* **EXERCISE REQUIREMENTS**
Retype the listing below line for line, but only from the line with "Giorno di aggiornamenti" down to the line with "Cartoon Art |", inclusive. Pictures stay out.

Top of INPUT DATA

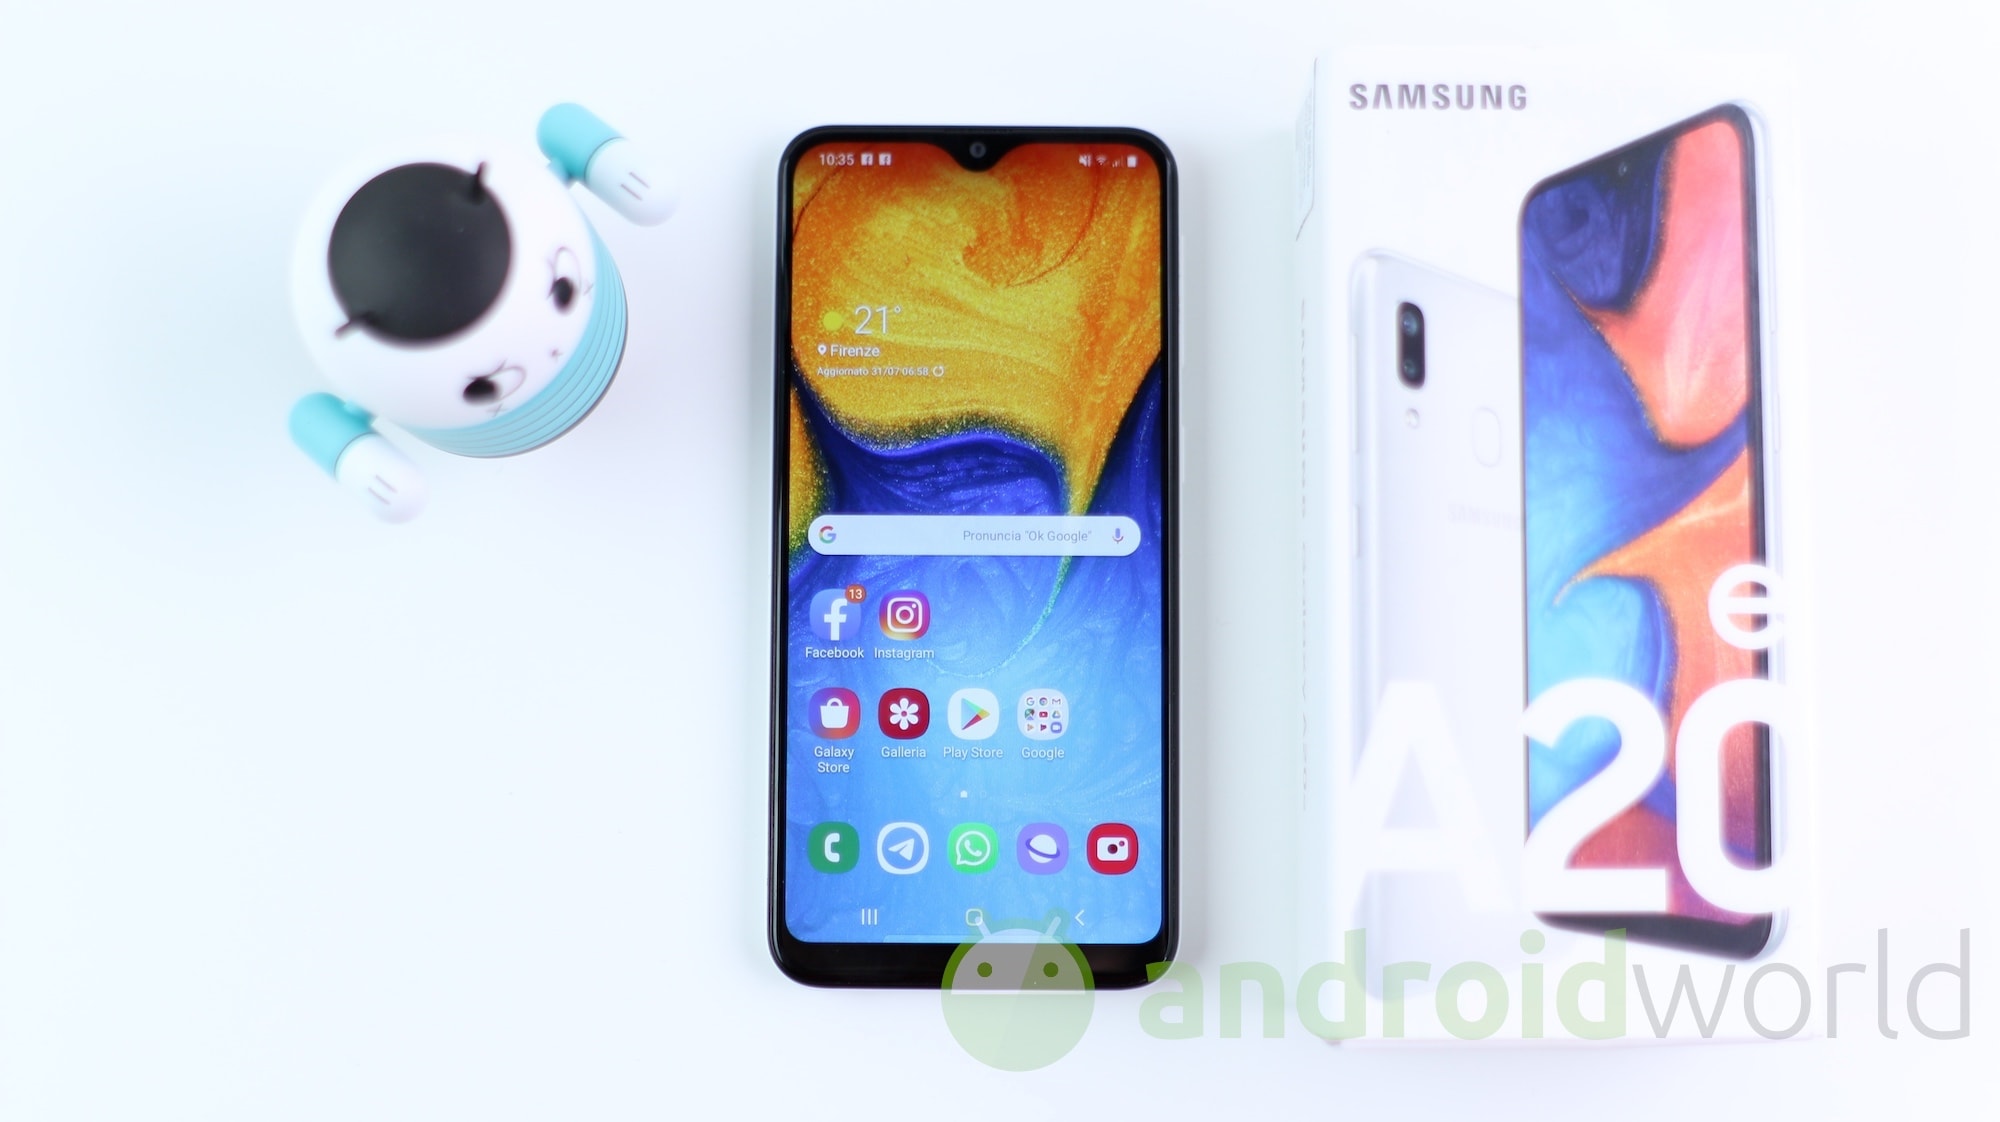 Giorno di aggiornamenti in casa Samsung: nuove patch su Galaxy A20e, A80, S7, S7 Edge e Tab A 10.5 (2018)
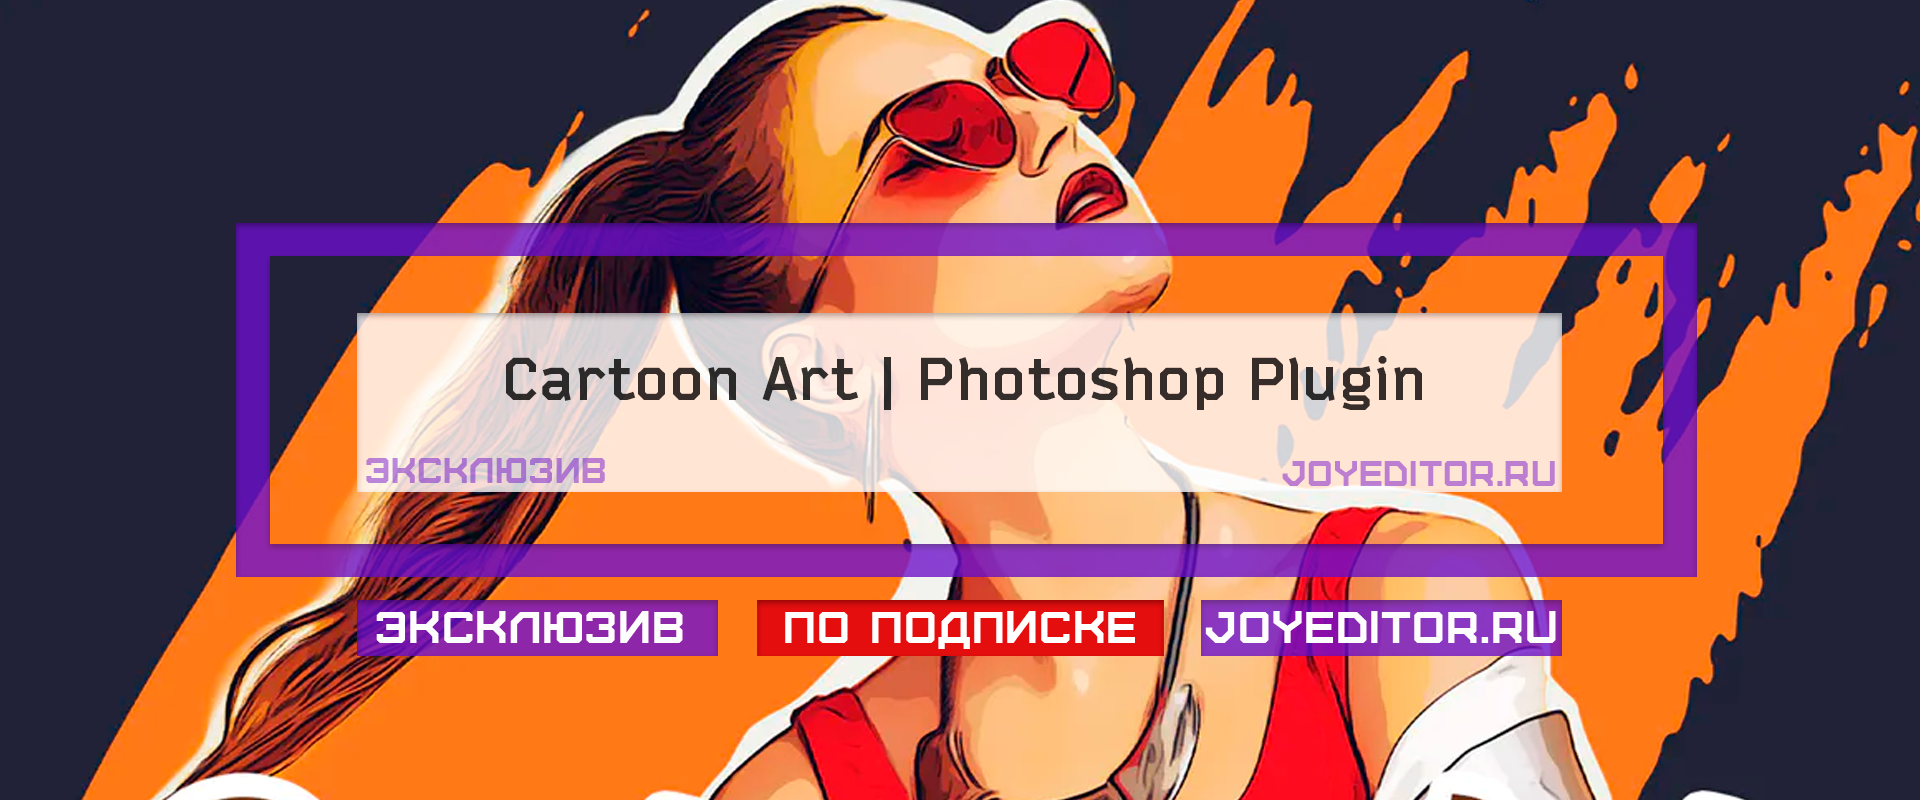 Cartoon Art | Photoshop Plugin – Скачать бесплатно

Bottom of INPUT DATA
Top of INPUT DATA

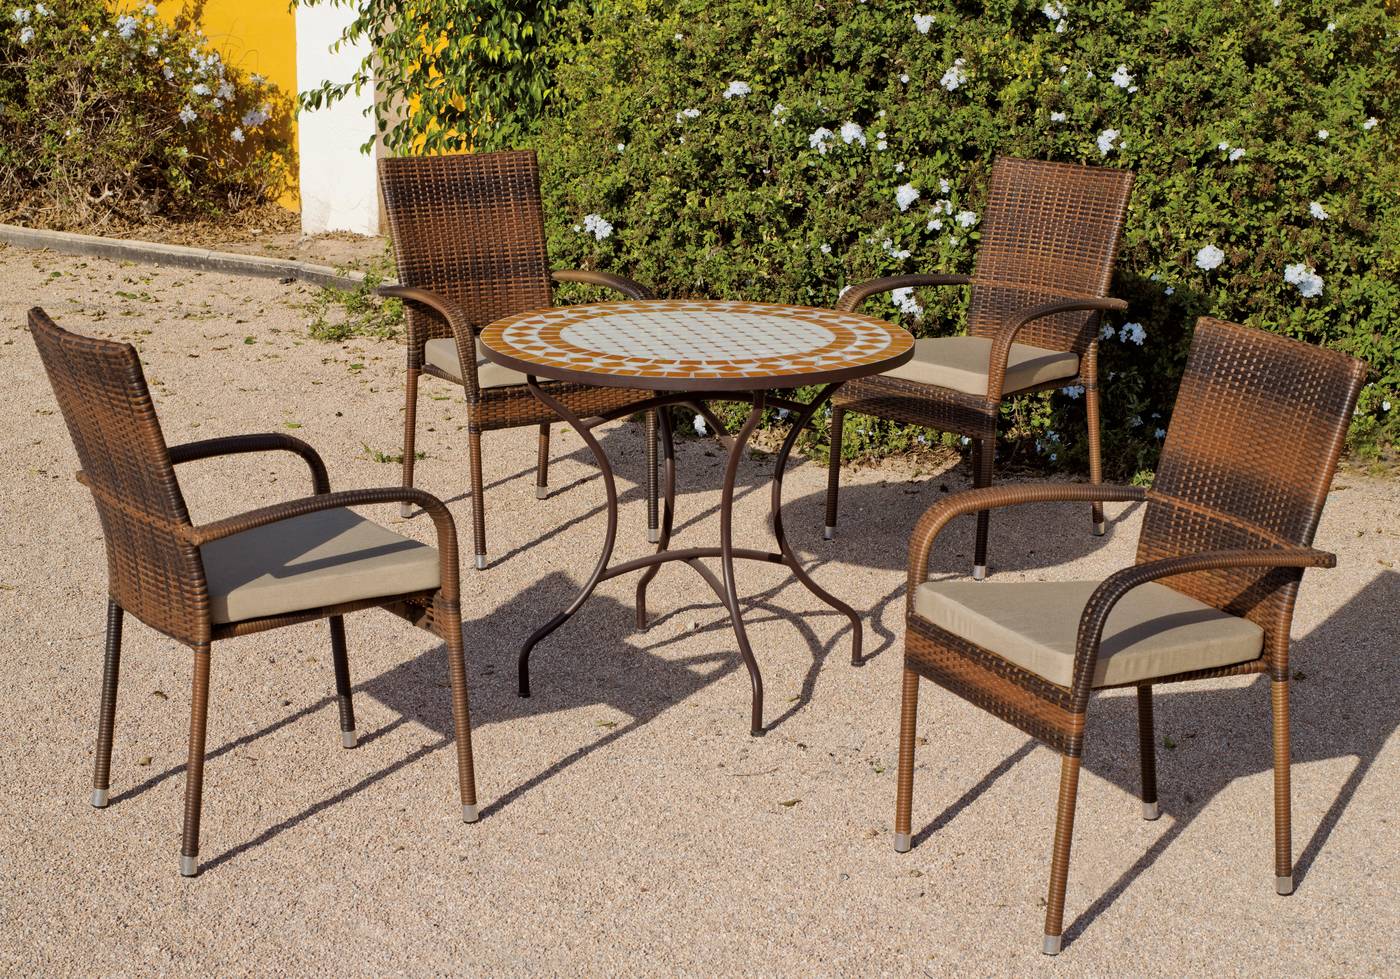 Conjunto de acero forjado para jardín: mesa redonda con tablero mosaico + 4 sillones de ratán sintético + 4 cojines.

Bottom of INPUT DATA

* **YOUR RESPONSE**
 Giorno di aggiornamenti in casa Samsung: nuove patch su Galaxy A20e, A80, S7, S7 Edge e Tab A 10.5 (2018)
 Cartoon Art | Photoshop Plugin – Скачать бесплатно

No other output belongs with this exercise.